If bitcoin proves to be fundamentally impractical for small, high-volume transactions, why couldn't it still have great value for use in large transactions such as real-estate, yachts, gold, etc. and as a secure store of value?

Because that would be an incredibly small market cap. One fact is the richest 3% control most of the money, but the masses (the 97%) spend most of the money that is spent.

 "Exponential and power-law probability distributions of wealth and income in the United Kingdom and the United States" by A. A. Dragulescu and V. M. Yakovenko

I don't understand how you come to the conclusion that it would be an incredibly small market cap. It is already approaching 10 billion dollars, and its use as a store of wealth is minuscule compared to things like gold and offshore bank accounts. Why couldn't it increase in popularity for this purpose tenfold or one hundredfold?

Ponzi-bubbles eventually return to their intrinsic value. The logic is presented in that linked thread. I don't know why it is so difficult for readers to comprehend that investors only stay invested while gains accrue. Eventually the supply of greater fools ends, then the value has to be supported by those who hold it not for gain, instead for use as a currency, i.e. its intrinsic value.
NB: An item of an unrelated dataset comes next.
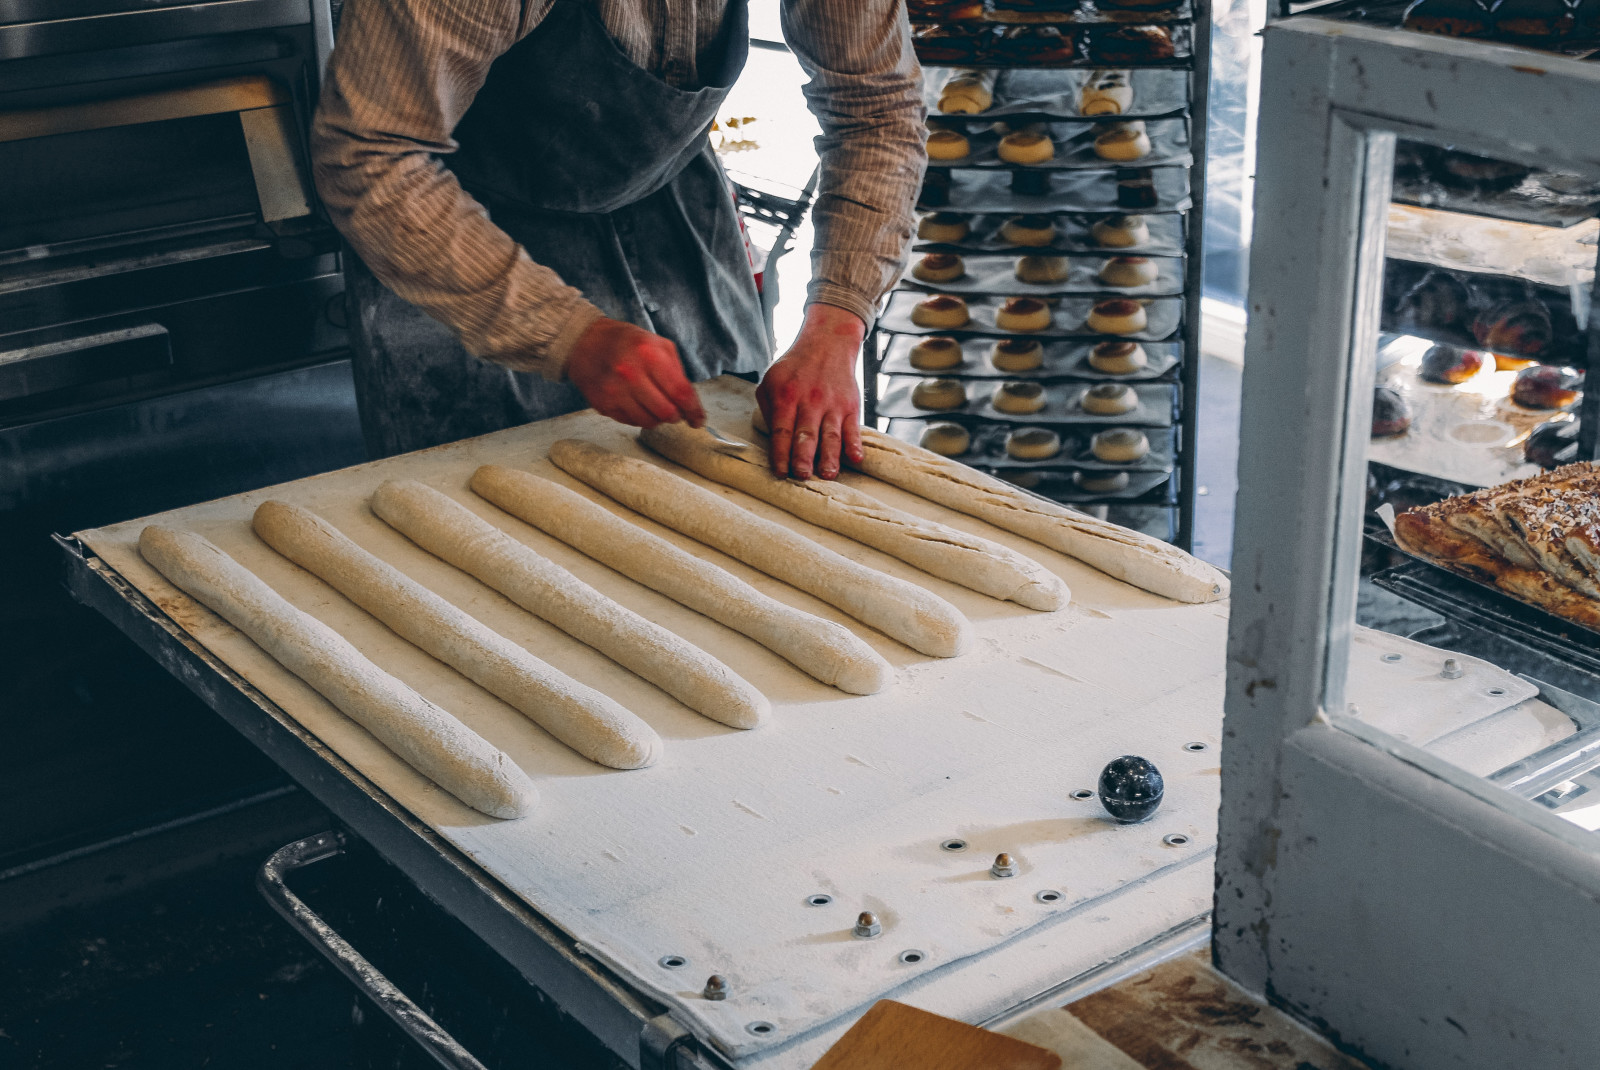 A baker in Iceland working on seven white dough baguettes with red gloves and a blue apron.

An investor would sell that point (retaining only enough needed for spending and rest moved to an investment which can accrue more gains), because gains would not continue to accrue and Bitcoin pays no dividend because it has no income (note BitShares is an altcoin that claims it will have an income and pay dividends).

If you could argue that the masses will use it as a currency (which I think is impossible), then that value could be higher than the current price. However, you are asking what the valuation will be otherwise.

Edit: I did an estimate of Bitcoin's intrinsic value earlier this year.  Compare with the past performance of wider-eyed estimates.

I attempted to value the bitcoin currency based on Money Supply and velocity trying to come up with a real value. I came up with $60-120/ btc.

The problem with this method is that the user base of bitcoin is constantly expanding creating a higher intrinsic value. It will eventually stabilize when non-speculative use peaks and stabalizes. Then there will be a crash down to its intrinsic value.